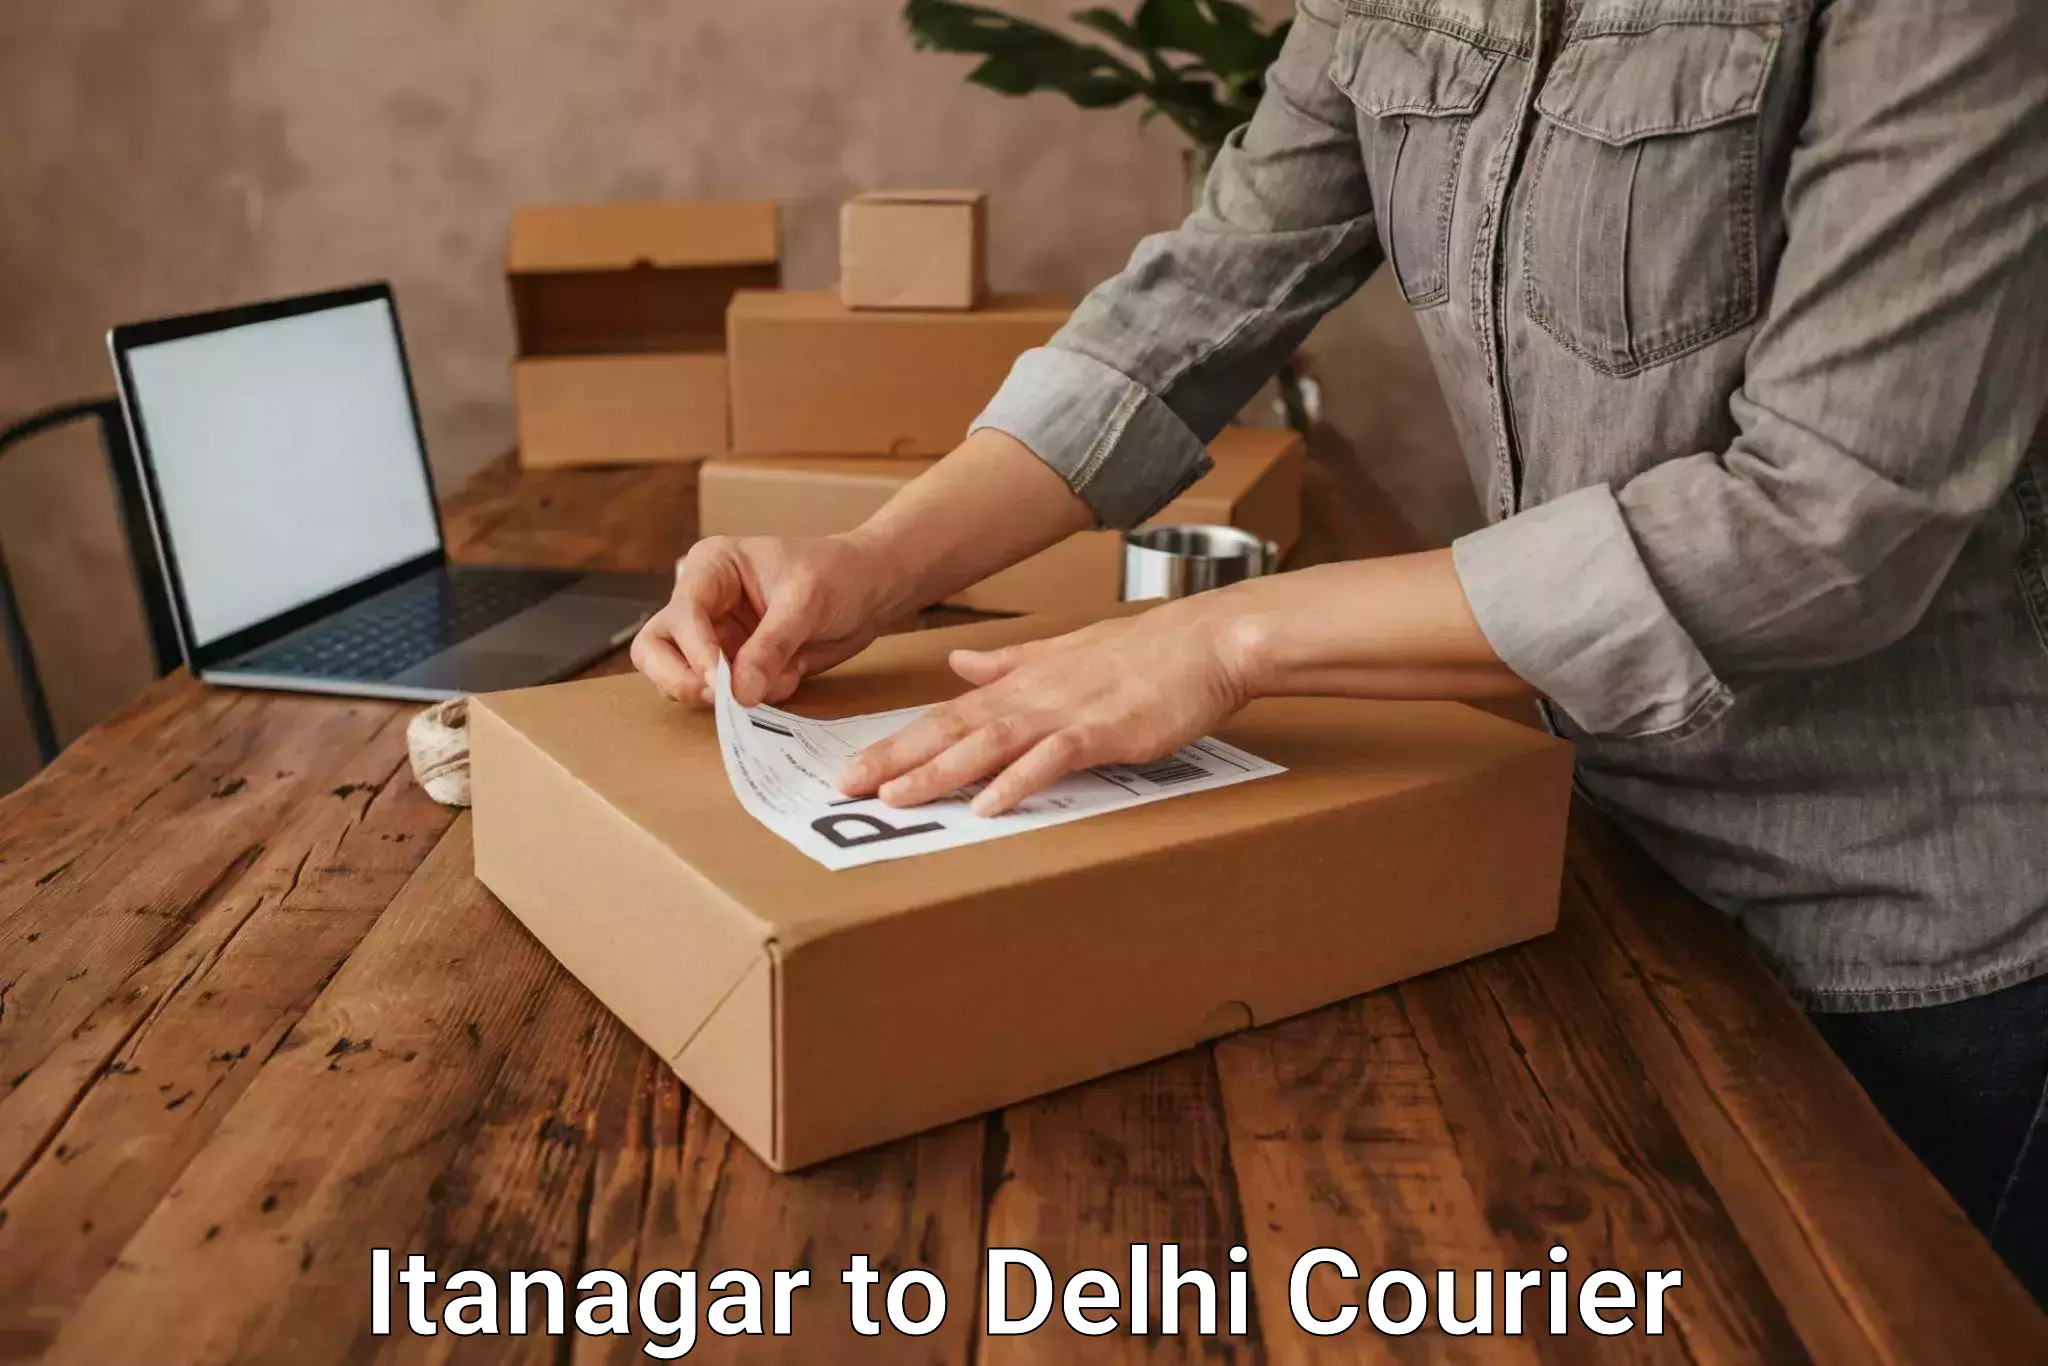 Nationwide parcel services Itanagar to Delhi
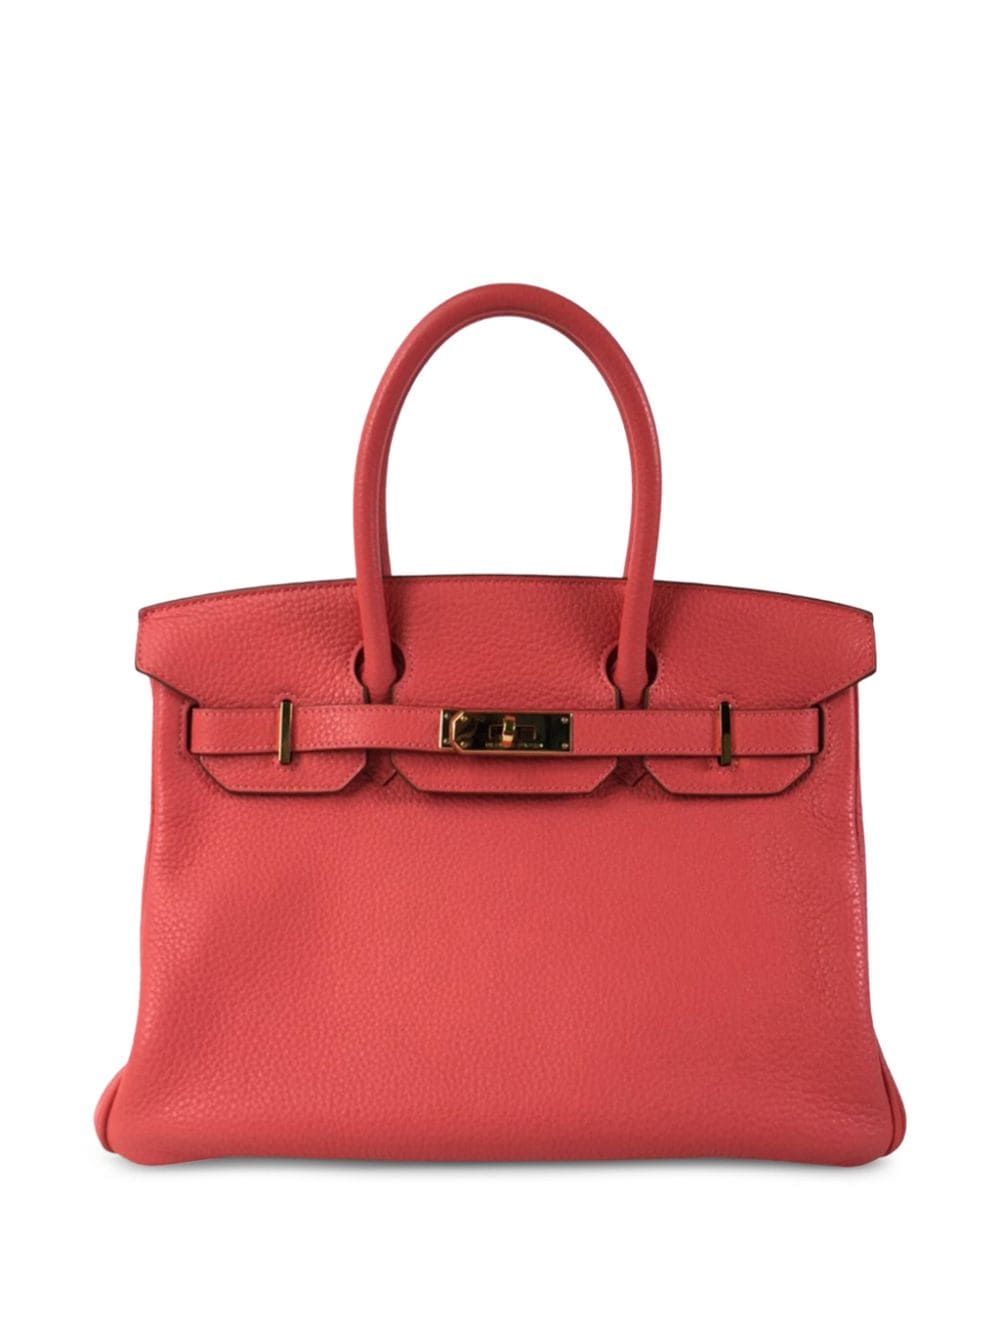 Pre-owned Hermes 2012 Birkin 30 Handbag In Pink
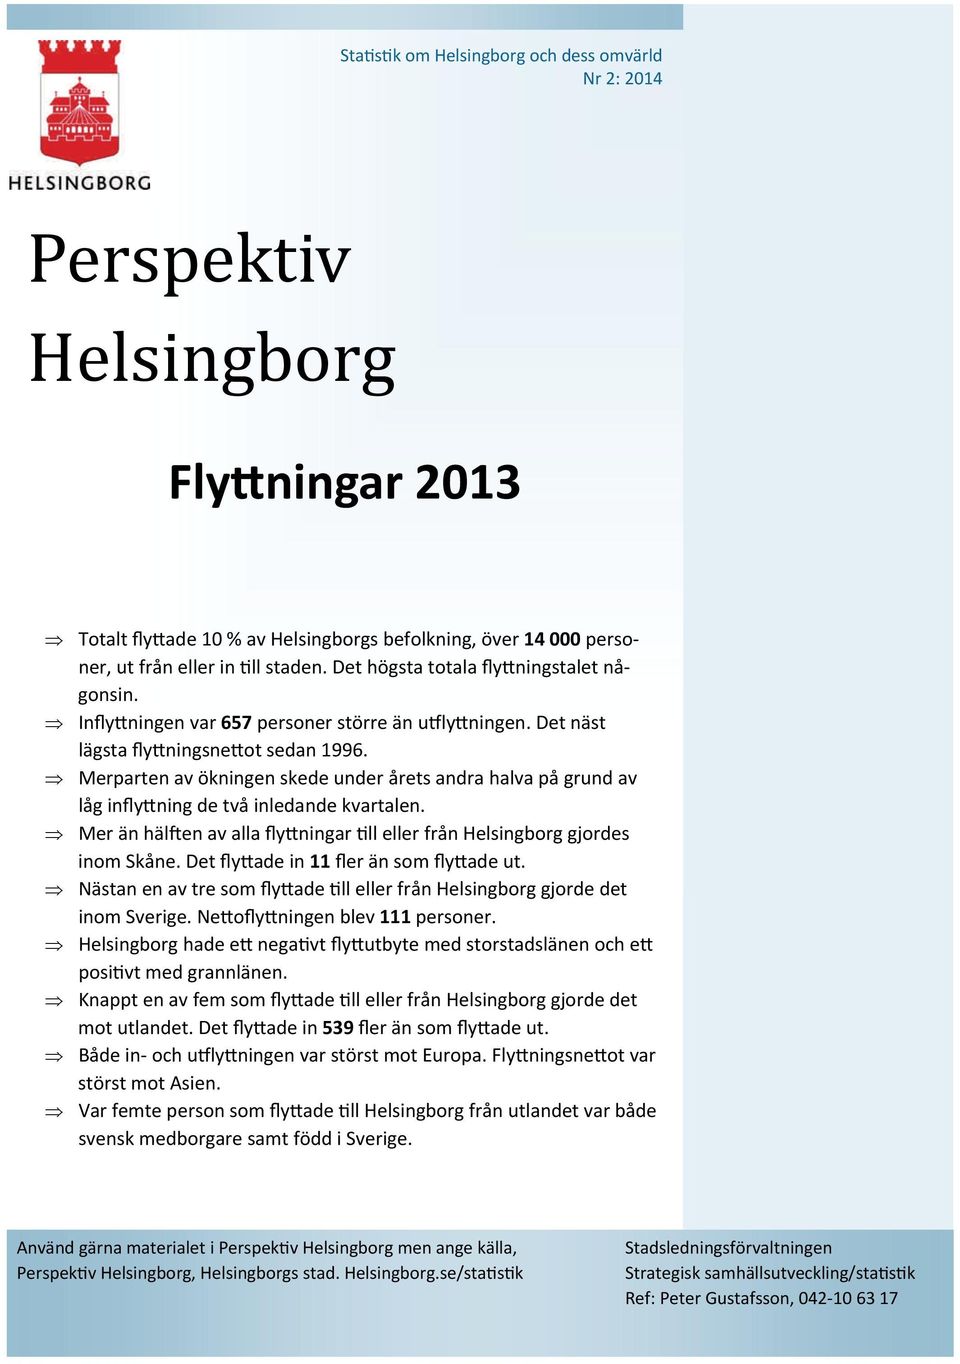 Merparten av ökningen skede under årets andra halva på grund av låg infly ning de två inledande kvartalen. Mer än häl en av alla fly ningar ll eller från Helsingborg gjordes inom Skåne.

PROBLEM:
Set down again, exactly, the lines from the one with "Pre-owned Hermes 2012" to the last line of the data, both included and pictures excluded.

EXERCISE OUTPUT:
 Pre-owned Hermes 2012 Birkin 30 Handbag In Pink
 Merparten av ökningen skede under årets andra halva på grund av låg infly ning de två inledande kvartalen. Mer än häl en av alla fly ningar ll eller från Helsingborg gjordes inom Skåne.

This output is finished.